I think it would complicate things a lot. Applying all states for dispatches would mean that we have to acquire, prepare and load all resources potentially used by draws, e.g. render targets and constant buffers. This would be required mainly because of the way how context_state_fb(), state_cb() and similar are implemented. It could be possibly mitigated to some extent by refactoring how the states are applied, e.g. using a similar mechanism to "context->update_shader_resource_bindings", but this approach doesn't appeal to me.
Applying just necessary states may also avoid unnecessary work, but this shouldn't matter much in practice.
On 2 February 2017 at 15:41, Józef Kucia joseph.kucia@gmail.com wrote:
I think it would complicate things a lot. Applying all states for dispatches would mean that we have to acquire, prepare and load all resources potentially used by draws, e.g. render targets and constant buffers. This would be required mainly because of the way how context_state_fb(), state_cb() and similar are implemented. It could be possibly mitigated to some extent by refactoring how the states are applied, e.g. using a similar mechanism to "context->update_shader_resource_bindings", but this approach doesn't appeal to me.
One approach would be to split things up when invalidating the states. In the longer term, I do think we want to think about reworking how states are applied, but it'll likely be a bit involved.
2017-02-02 19:10 GMT+01:00 Henri Verbeet hverbeet@gmail.com:
On 2 February 2017 at 15:41, Józef Kucia joseph.kucia@gmail.com wrote:
I think it would complicate things a lot. Applying all states for dispatches would mean that we have to acquire, prepare and load all resources potentially used by draws, e.g. render targets and constant buffers. This would be required mainly because of the way how context_state_fb(), state_cb() and similar are implemented. It could be possibly mitigated to some extent by refactoring how the states are applied, e.g. using a similar mechanism to "context->update_shader_resource_bindings", but this approach doesn't appeal to me.
One approach would be to split things up when invalidating the states. In the longer term, I do think we want to think about reworking how states are applied, but it'll likely be a bit involved.
Heh, I was writing a reply mostly along the same lines.
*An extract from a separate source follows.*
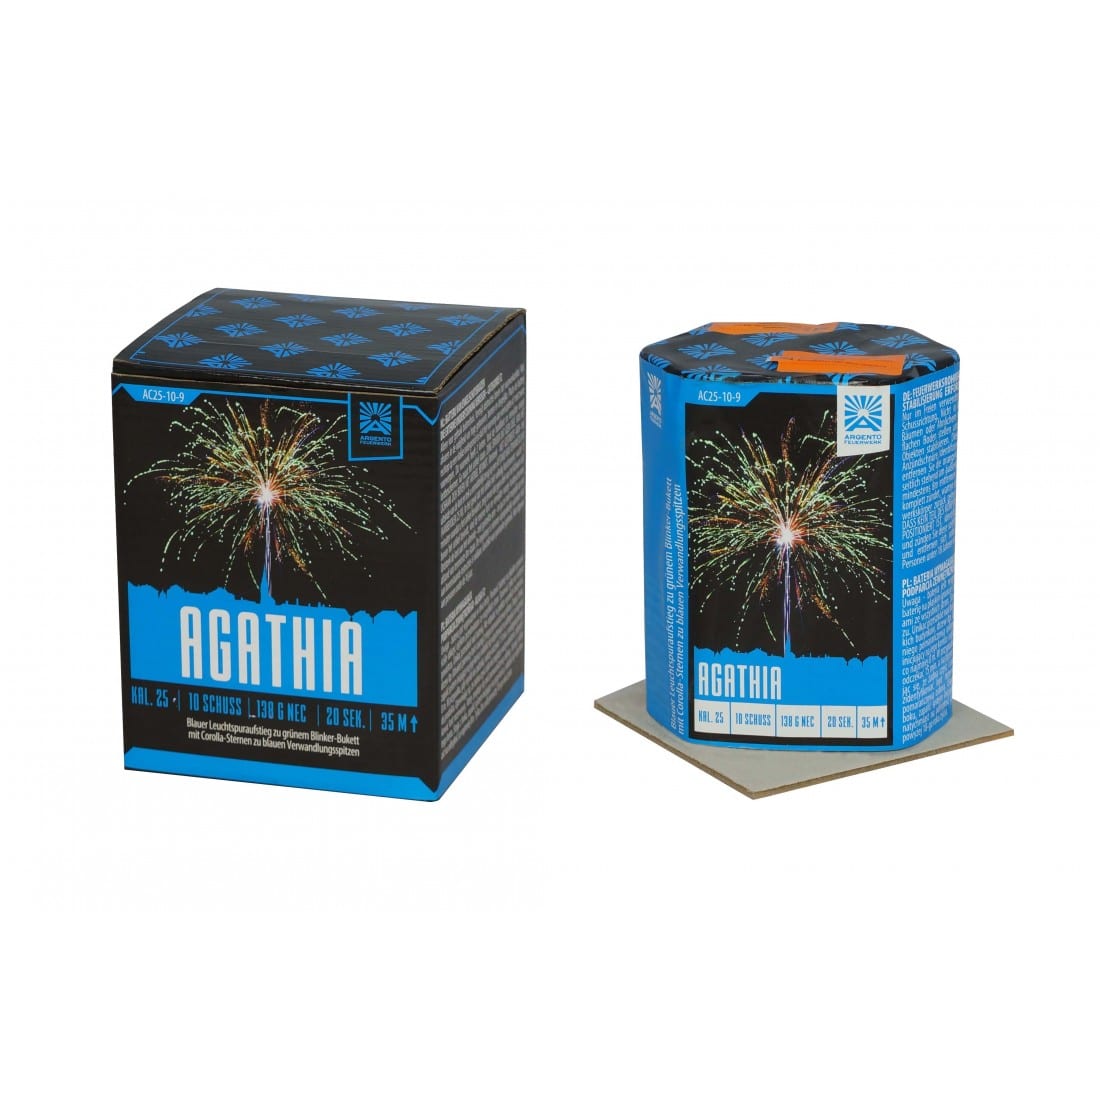 Argento Agathia Feuerwerksbatterie

It doesn't add much at this point but here it is anyway...
- for (i = 0, dirty_idx = 0; i < context->numDirtyEntries; ++i) { DWORD rep = context->dirtyArray[i];
DWORD idx = rep / (sizeof(*context->isStateDirty) * CHAR_BIT);
BYTE shift = rep & ((sizeof(*context->isStateDirty) * CHAR_BIT) - 1);
context->isStateDirty[idx] &= ~(1u << shift);
state_table[rep].apply(context, state, rep);
if (!is_compute_state(rep))
apply_state(context, state_table, state, rep);
else
context->dirtyArray[dirty_idx++] = rep;
...
Applying just necessary states may also avoid unnecessary work, but this shouldn't matter much in practice.
It shouldn't but it might, I'd not be surprised to see applications change a bunch of draw states before a compute dispatch and change them again before the eventual draw. We've seen similar things before.
Doing it like this does look a bit ugly though. What about changing the dirty flags side instead, so that compute shader states don't end up in isStateDirty / dirtyArray but in their own data structures?